Wednesday, November 16, 2022

Protein folding by AI: wrinkles

Tech giants Alpha and Meta (Google and Facebook) applied their Artificial Intelligence (AI) to fold proteins computationally, predicting 3-dimensional shapes from the 1-dimensional sequence data. Meta’s paper is still paywalled (preprint) but AlphaFold’s Nature papers from last year are available (Jumper, Tunyasuvunakool). 

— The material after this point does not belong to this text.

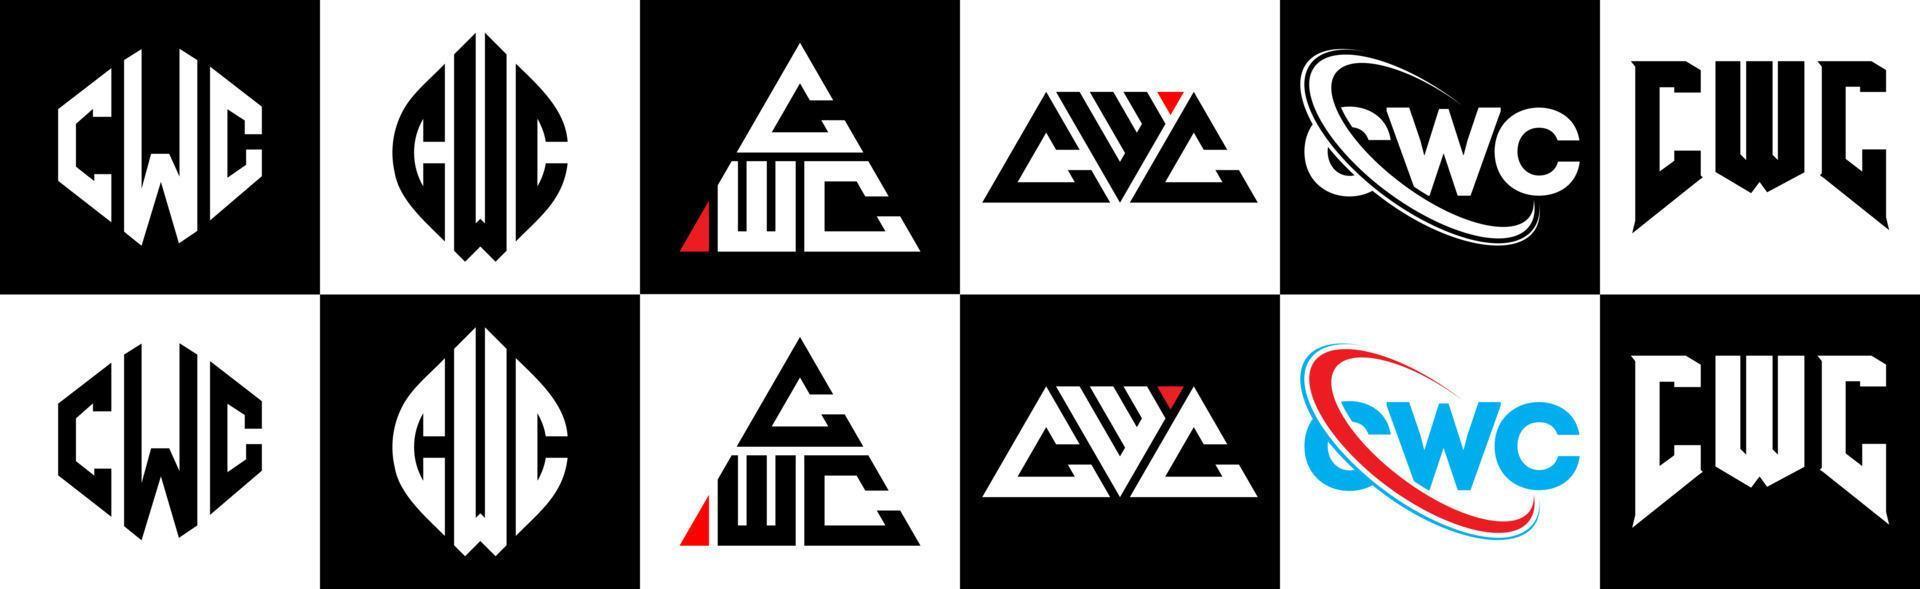 CWC Logo Design - 48hourslogo

The AlphaFold authors noted that the ~100,000 protein structures determined by conventional experimental means are a small portion of the “billions” extant in nature. Previous approaches “focus on either the physical interactions or the evolutionary history”, which they say relies on the availability of close homologues or works for (only) a few, small proteins and is otherwise “computationally intractable” (too hard). They evaluated in the 87 protein domains comprising the 14th Critical Assessment of (protein) Structure Prediction (CASP14) dataset, structures not yet deposited in the public Protein Data Bank (PDB). This permits a ‘blind’ (apriori) comparison of AI methods, by comparing their predictions with the newly-solved structures. 

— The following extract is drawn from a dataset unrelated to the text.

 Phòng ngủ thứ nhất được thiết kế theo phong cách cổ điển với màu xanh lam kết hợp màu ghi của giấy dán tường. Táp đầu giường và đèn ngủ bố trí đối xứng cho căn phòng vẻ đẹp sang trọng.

Fig 1. a. Scores. b. Backbone. c. Side chains
 By this measure, AlphaFold is much better than its competitors (Fig 1a, shown, predicted vs experimental). It gains accuracy on backbone and side chains (1b, c) “by incorporating novel neural network architectures and training procedures based on the evolutionary, physical and geometric constraints of protein structures”. Using “multiple sequence alignments (MSAs) and pairwise” comparisons, it “predicts the 3D coordinates of all heavy atoms for a given protein using the primary amino acid sequence and aligned sequences of homologues as inputs”. So give it a bunch of similar sequences and structures and voila! it gives the ‘new’ one. Thy describe the process and you can download to code to inspect, modify, run yourself (open source).  

While impressive, this is a very constrained set of structures, nothing justifying the claims made in the popular press of solving all proteins. To be comprehensive, it seems that AI will have to consider biology, implement means of including the amino-terminal-first synthesis, nucleation, domain folding, insertion into a membrane, and above all interaction with chaperone proteins.